Tantangan Loker Kata 21
Naskah Terbaik ke-7
Menyelamatkan Bulan
Oleh : Nanan
Pukul 12 siang, lelaki berpakaian hitam yang berdiri di depan ruangan berpintu kaca membuka pintu yang sedari tadi terkunci rapat. Satu per satu orang-orang di sekitarku, termasuk aku, masuk ke dalam, menyusuri lorong panjang, berbelok ke kanan, membuka sebuah pintu kaca lagi dan menghidu aroma antiseptik yang mulai familier.
Bulan, putri tunggalku, masih seperti hari-hari lalu. Tubuhnya yang kurus ditutupi peralatan medis yang aku tak ingin tahu namanya. Dadanya naik turun dengan teratur. Aku duduk di sebelah ranjangnya dengan lunglai sembari menarik napas panjang. Menghadapi semua masalah ini sendirian bukan hal yang mudah.
Aku menggenggam tangannya, membisikkan kalimat-kalimat untuk menguatkan. Meski matanya terpejam, aku yakin dia mendengarku. Aku mengusap pipi mengingat hari nahas itu. Bulan mengalami kecelakaan sepeda motor bersama teman lelakinya. Bocah sialan itu mati di tempat. Sementara anakku tak sadarkan diri. Yang membuatku sulit menerima semuanya, Bulan mengalami perdarahan. Anakku yang masih 15 tahun hamil entah dengan siapa. Pria yang harusnya menemaniku menghadapi kenyataan ini malah sedang asyik menunggu kelahiran anak pertamanya bersama wanita lain.
Dunia ini memang berengsek!
Pekik kebahagiaan dari ruangan sebelah mengganggu konsentrasiku.
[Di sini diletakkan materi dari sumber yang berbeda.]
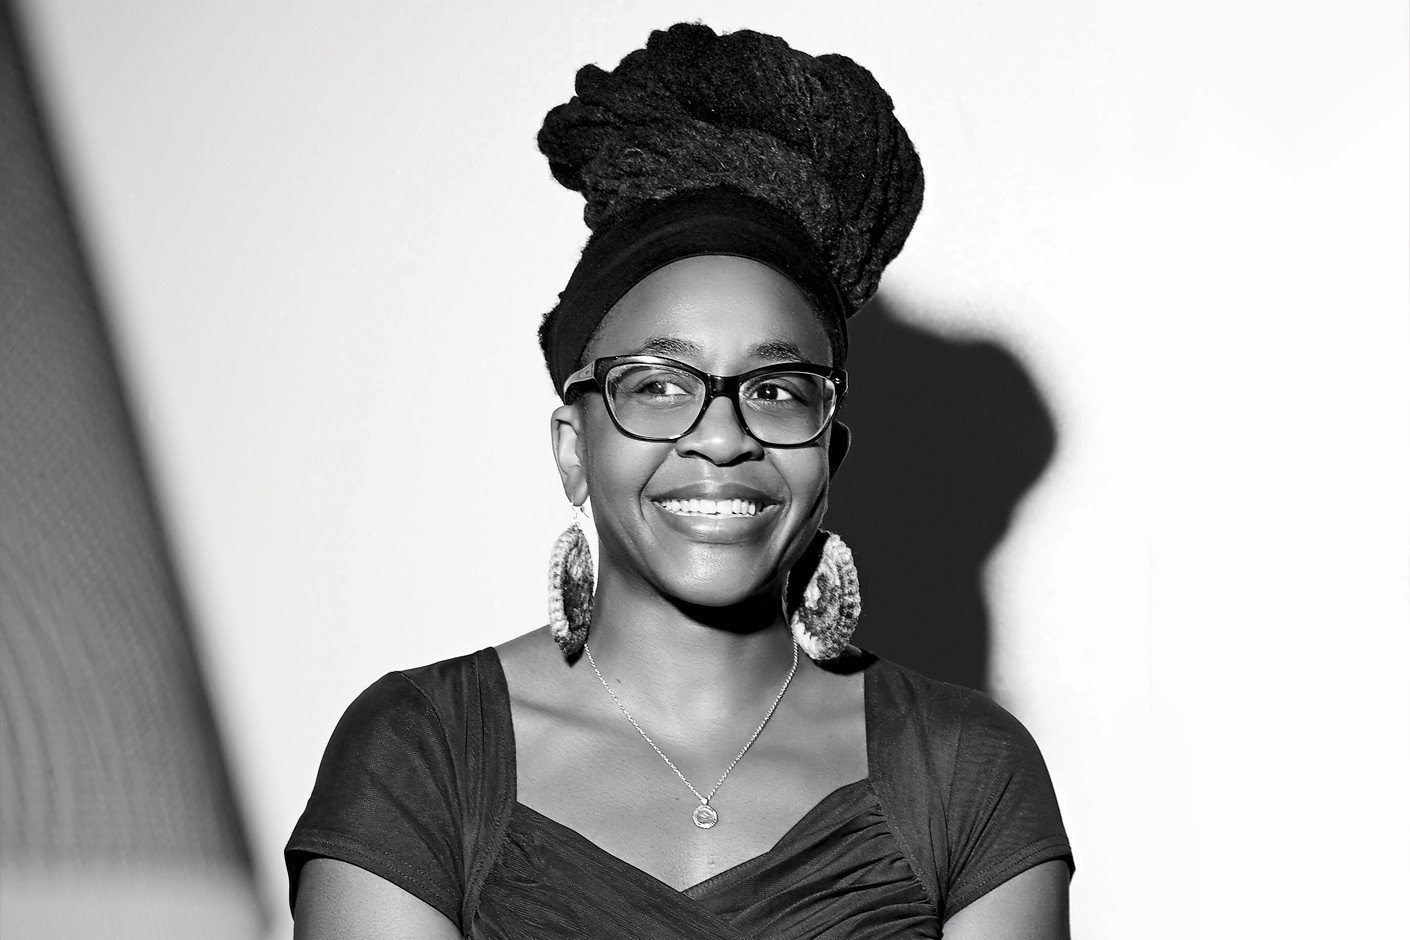 Nnedi Okorafor scénarisera le nouveau spin-off du comics «Black Panther»

Dengan penuh rasa ingin tahu, aku mengintip dari kaca yang membatasi tiap ruangan. Lila, kenalanku di ruang tunggu pasien ICU, tampak memeluk anaknya yang sepertinya baru sadar dari koma. Anehnya, remaja lelaki seumuran Bulan itu tidak tampak seperti orang yang baru tersadar dari tidur panjang. Wajahnya segar dengan senyum mengembang.
Sekilas aku mendengar dokter mengatakan bahwa mereka perlu melakukan observasi lagi sebelum mengizinkan putra Lila pindah ke ruang rawat inap.
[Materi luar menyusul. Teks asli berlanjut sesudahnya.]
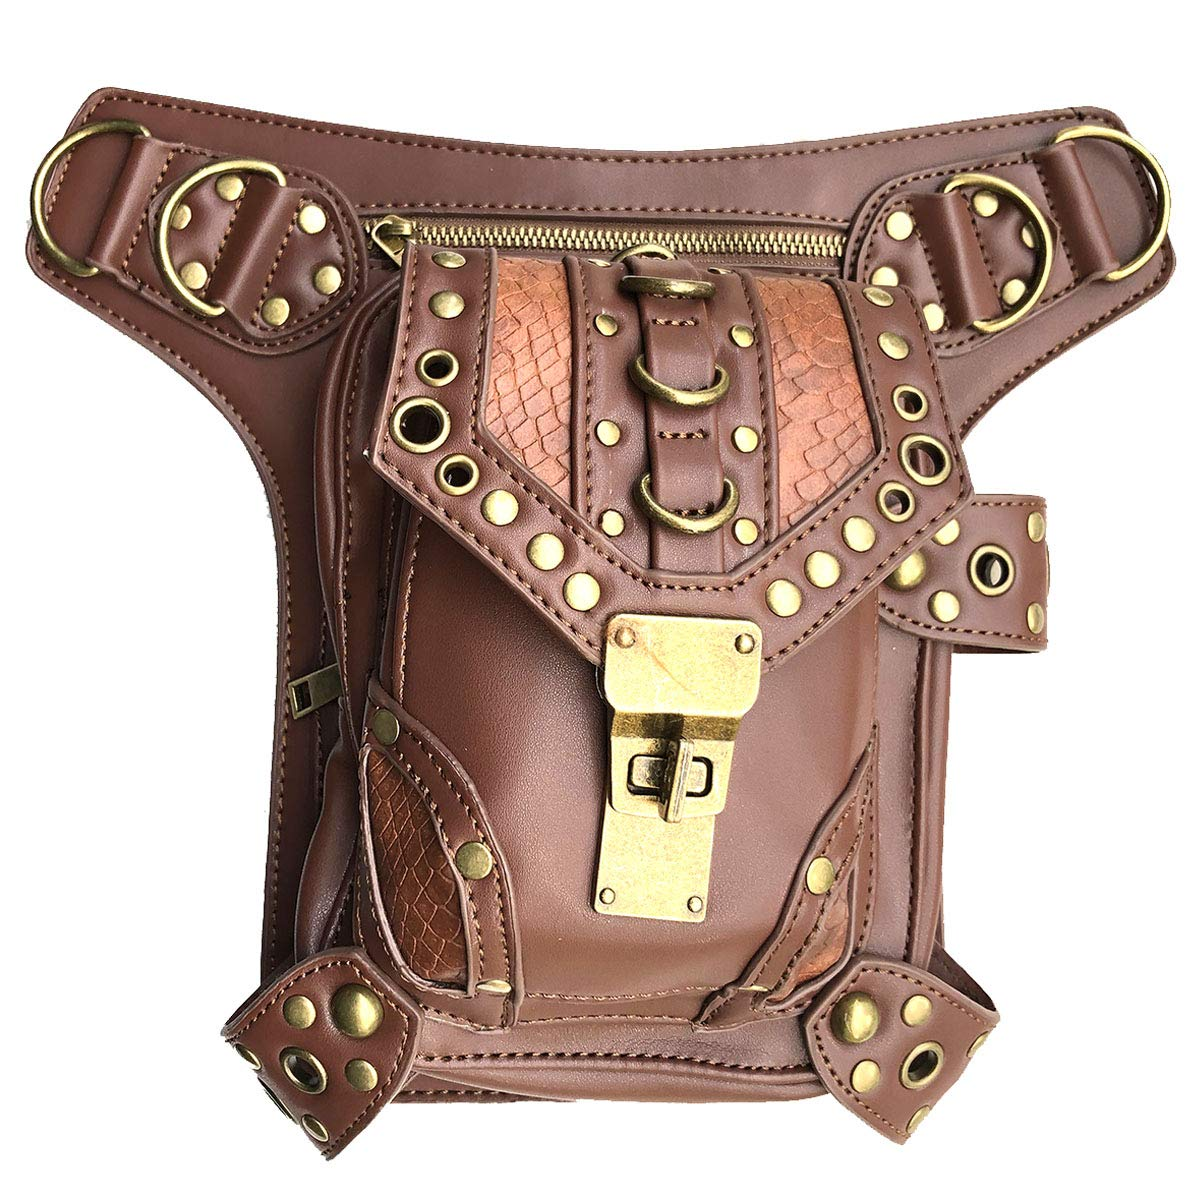 Steampunk Waist bag Fanny Pack Retro Fashion Gothic Casual Leather Shoulder Crossbody Messenger Bags Punk Rock Thigh Leg Hip Holster Purse Pouch Travel Hiking Sport Chain Bags for Women Men

Saat waktu besuk ICU habis, aku sengaja mengimbangi langkah Lila. Aku tahu persis bagaimana usahanya mengobati sang putra. Tak hanya ikhtiar medis, pengobatan alternatif dari A sampai Z pernah dicobanya.
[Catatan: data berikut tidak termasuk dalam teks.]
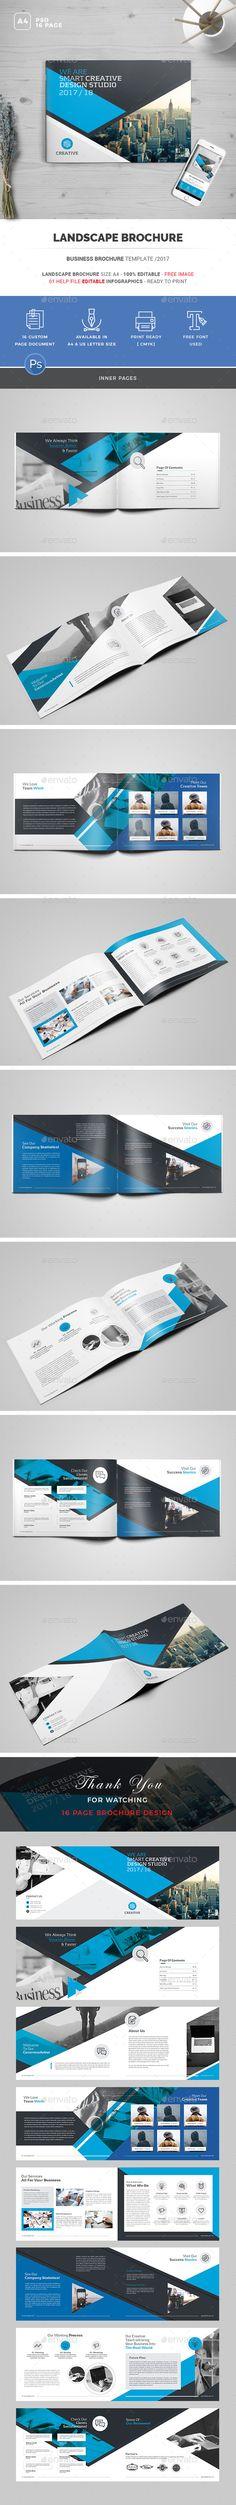 Busines Landscape Brochure Template PSD

Ketika menyadari kehadiranku, Lila cepat menarikku masuk ke dalam toilet yang berada tepat di depan ICU. Dia mengunci pintu dari dalam dan berbisik, “Cari Dokter Kahfi, Rum. Dia pasti nyembuhin anak kamu.”
Aku melongo, tanpa ditanya Lila tahu hal apa yang ingin aku tanyakan. Seingatku, saat jam besuk semalam sore, anak Lila masih terkapar tak berdaya, mengapa dia mendadak sembuh?
“Dokter Kahfi?”
Dan cerita serupa dongeng pengantar tidur mengalir dari mulut Lila. Dia mengetahui perihal Dokter Kahfi dari pasien yang dua hari lalu sadar dari koma. Menurut Lila, dia bertemu Dokter Kahfi saat matahari tergelincir ke barat.
“Di mana aku bisa cari dia?” tanyaku antusias. Aku harus mencoba saran dari Lila. Mau sampai kapan aku terus-terusan berjaga di rumah sakit? Kondisi Bulan hanya menambah beban hidupku.
“Cari dia di mana saja, Rum. Nggak ada yang tahu pasti dia di mana.”
Keningku berkerut. Ini seperti memecahkan teka-teki tanpa petunjuk.
“Dia pasti ada di rumah sakit ini saat lima pergantian waktu.” Lila menjelaskan lagi. “Dia akan memberi tahu gimana caranya anak kamu bisa sembuh. Lihat anakku.” Senyum mengembang di bibirnya.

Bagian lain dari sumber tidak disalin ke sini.